2.10.24

Looking back

The Bureau of Slow Endeavours was a concept until Monique Besten was invited to be an artist in residence at Schmiede in Hallein, Austria. Schmiede has been organising a self assembling event for 23 years, a peer-to-peer yearly festival about cooperation and spending time together where artists from different fields and different corners of the world get together to experiment, teach, learn, create and network. It was the perfect setting for BurSe to present itself for the first time, even more since this year the theme was “Sloth”, focusing on slowness and its meaning. The open structure of Schmiede—providing space, a basic tech infrastructure, a supportive team and 200 curious and motivated practitioners—offers a breading ground for new ideas.
Monique invited long-time collaborator Albert van Veenendaal to join her.
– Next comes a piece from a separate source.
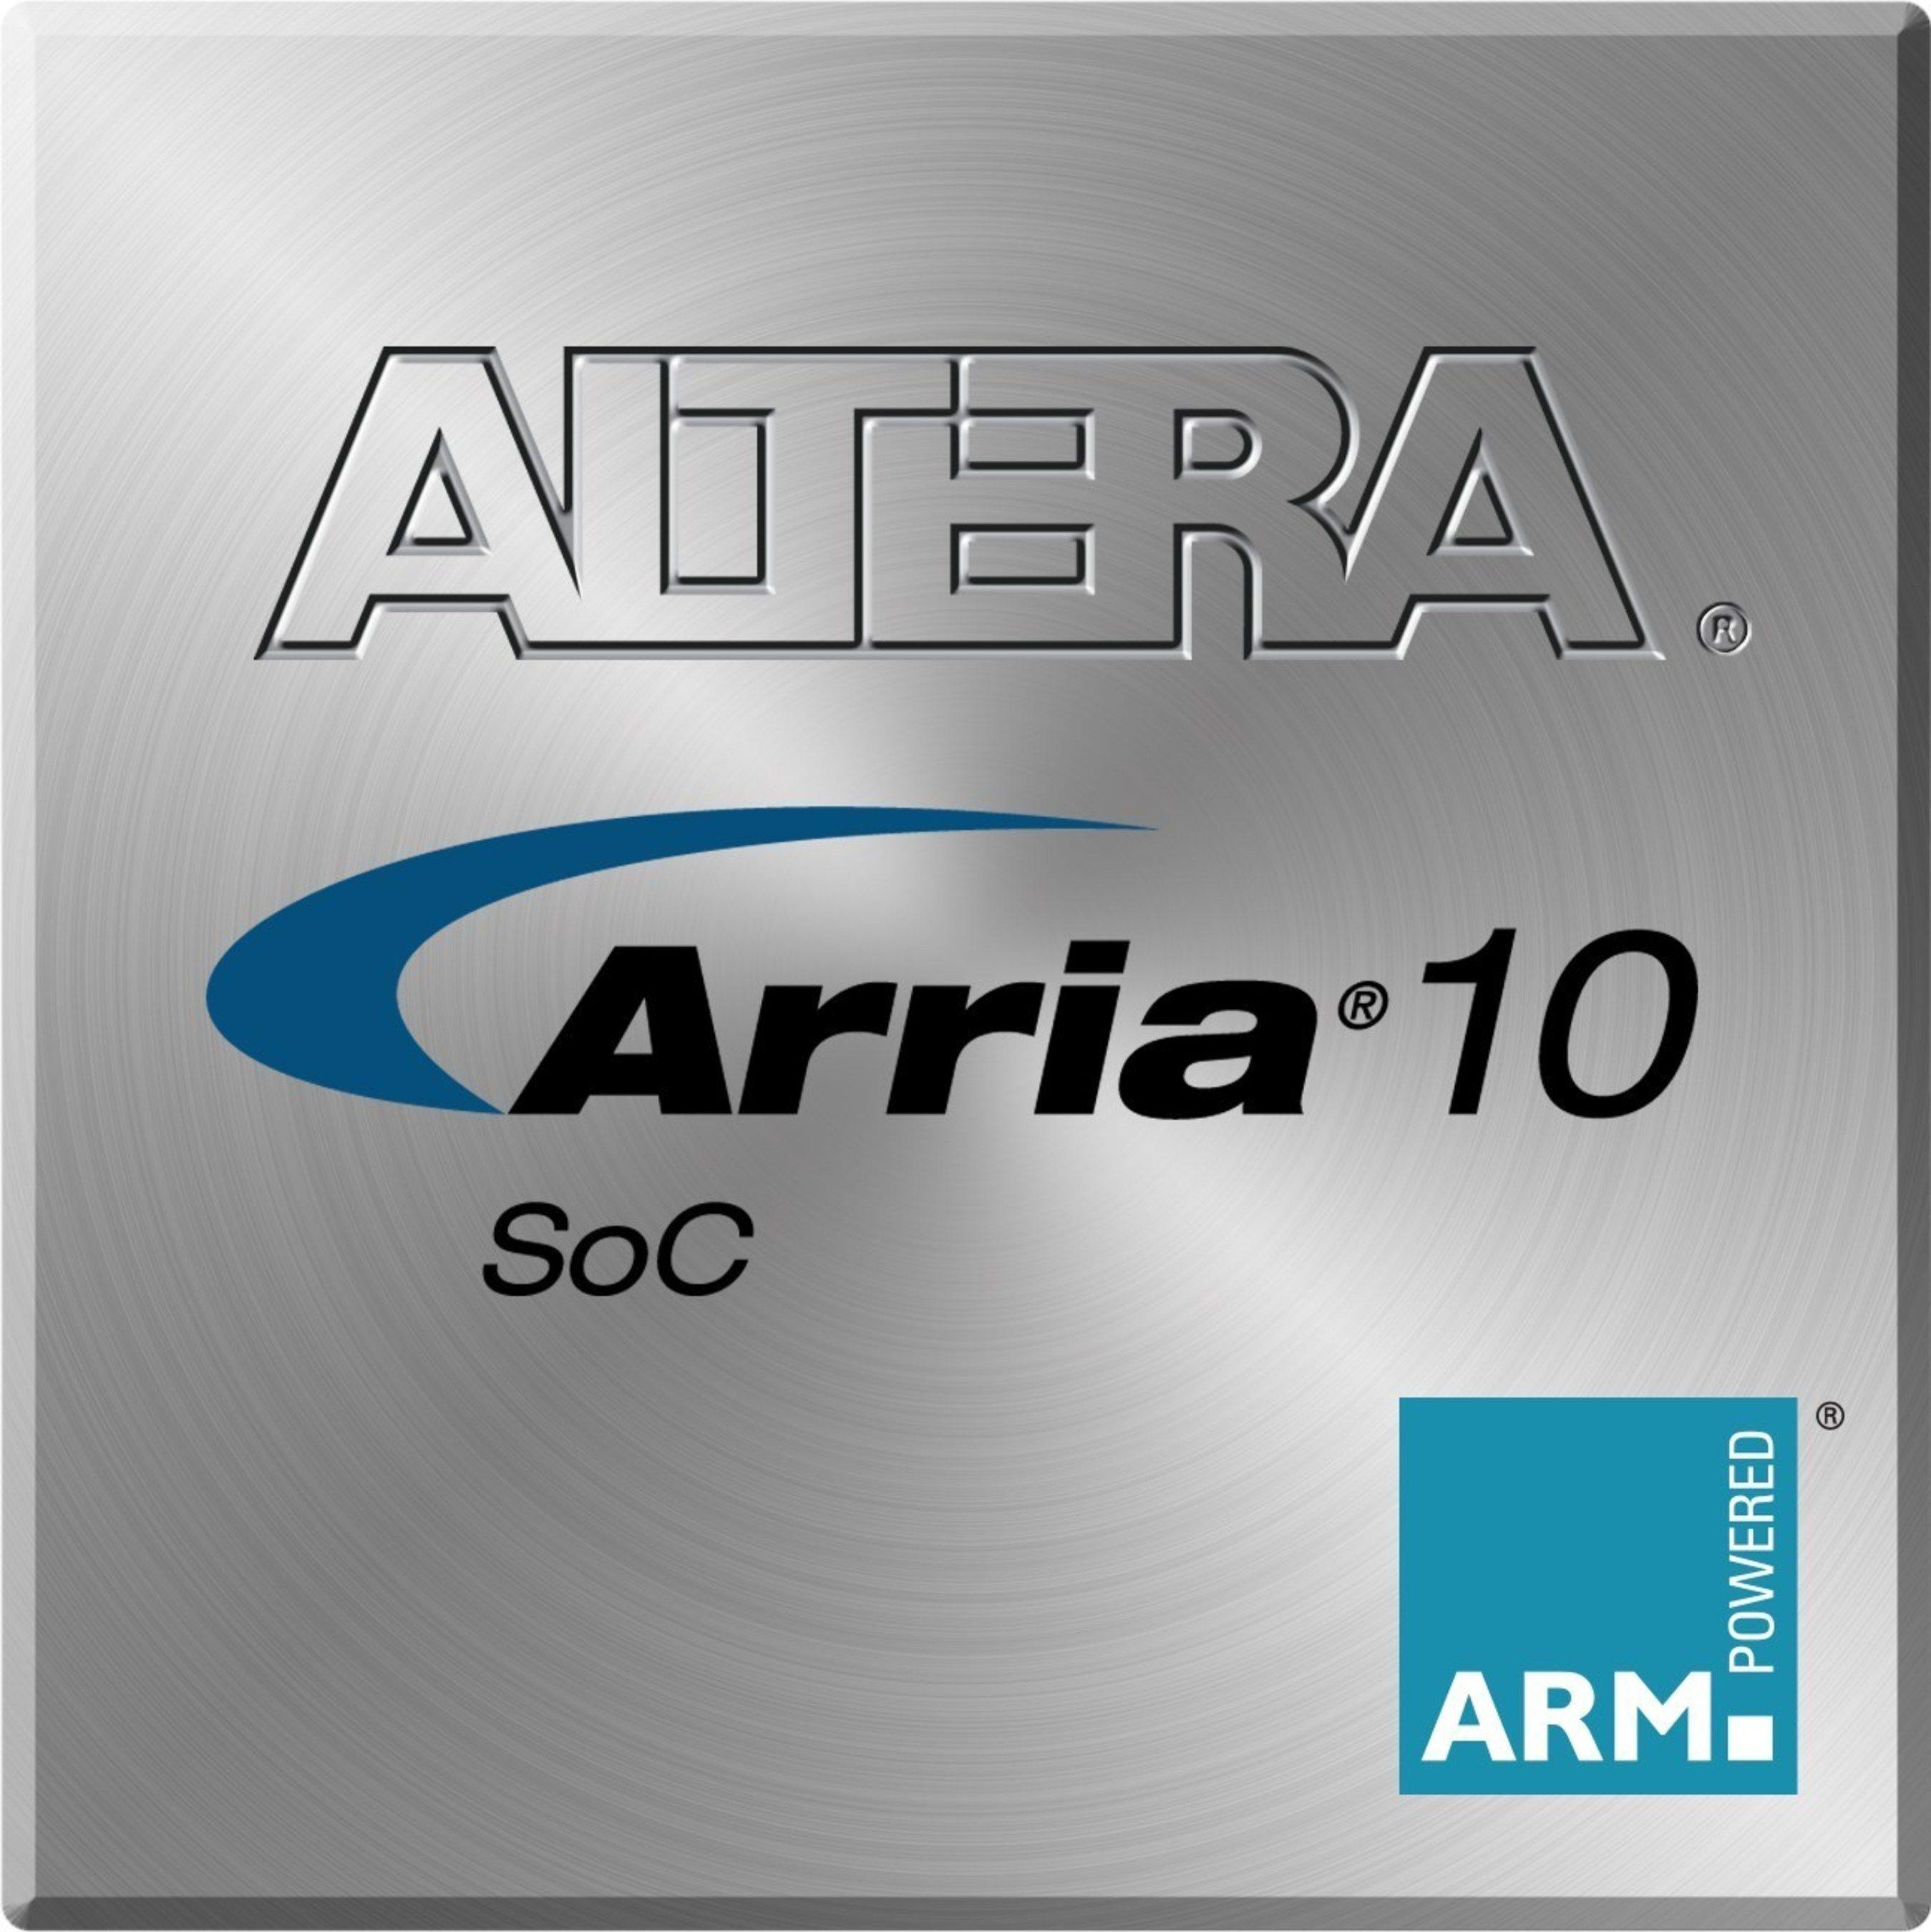 Altera Logo - Altera Ships 20 nm SoCs

They drove a small army of scobys—symbiotic cultures of bacteria and yeast— to Austria, not only to produce kombucha with the natural water from the surroundings but also as muses and inspiration source for the community of Smiths, as the participants of Schmiede are called.
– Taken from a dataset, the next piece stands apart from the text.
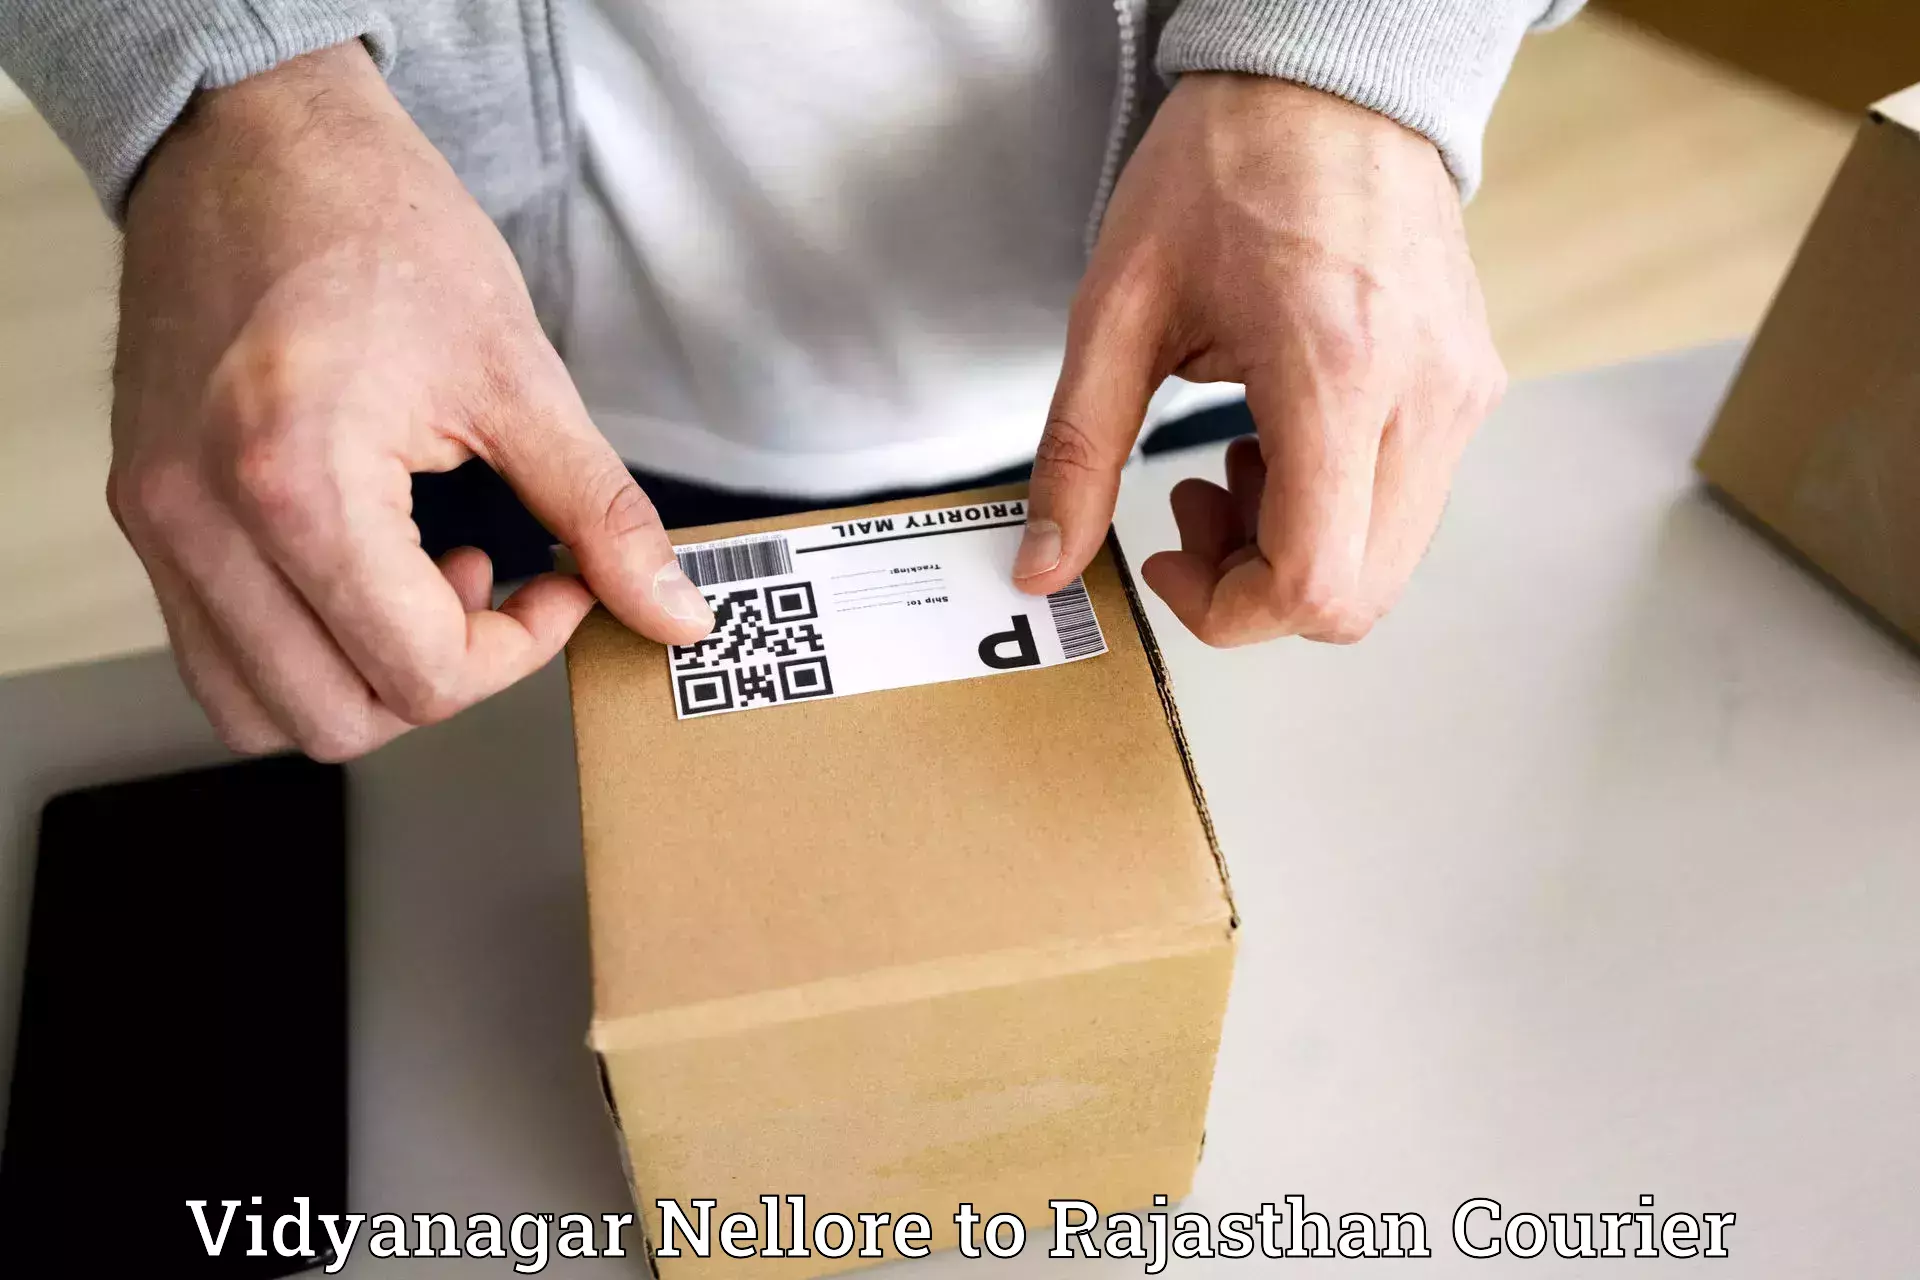 Automated parcel services Vidyanagar Nellore to Sardarshahr

They spent three weeks in a huge former salt refinery on a small island in the river Salzach and installed the Bureau in a corner of the building with a view of the salt that has remained there ever since it stopped its production. Albert, who is a composer and musician,worked on a 25 meter long drawing and inspired by a box he found in the basement with the words “all birds” printed on it, invited Smiths to imagine themselves as a bird and make a little drawing. In the final presentation, his 10 day drawing crossed one of the largest rooms and the birds formed a flock, hanging in open space. He also embarked on a lot of small collaborations and little interventions.
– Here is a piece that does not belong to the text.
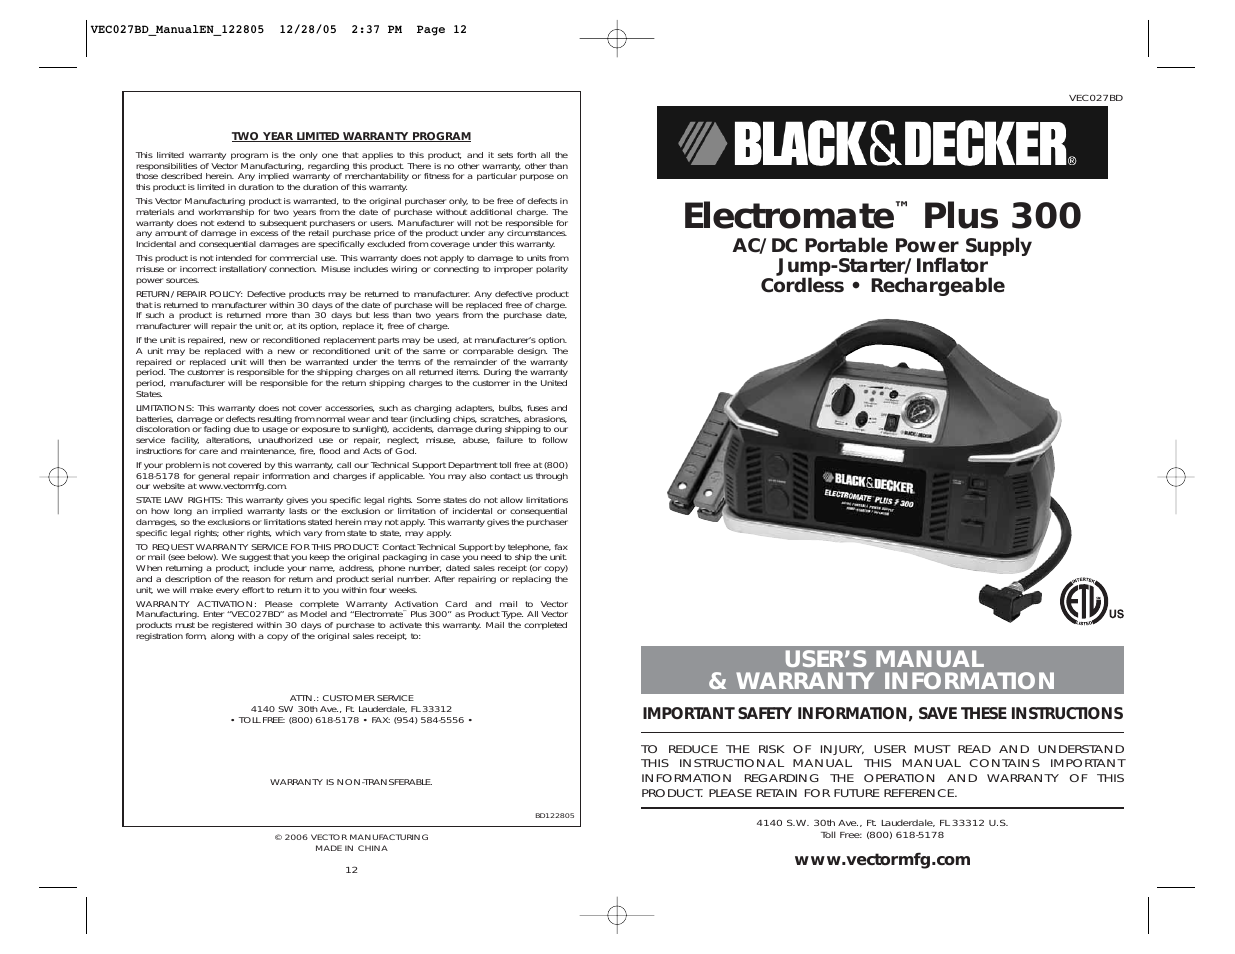 ELECTROMATE VEC027BD

Monique was in charge of the scoby army, gave workshops about making kombucha & other things a scoby can be to you and found adoptive parents who used the scobys in a multitude of ways. Some were mere companions, stood on desks almost motionless, slowly producing kombucha, others were involved in experiments with sound and movement, design, storytelling, virtual reality and so on. During the public presentation on the last day of Schmiede the collectively produced kombucha was tasted, some of it infused with site-specific ingredients like rose petals from the inner courtyard. Symbiosis was a keyword in the project and process: the symbiosis between bacteria and yeast leading to kombucha was symbolic of the symbiosis between the scobys and the Smiths, but also of the gathering of many people from completely different fields exploring and working together.
A lot of materials, stories and new ideas were gathered during this working period and will be processed and given new shapes in the coming time. The Bureau will contribute to a book about this year's Schmiede "Sloth" that will be published in 2025. You can read in more detail about some of the things that happened on this weblog.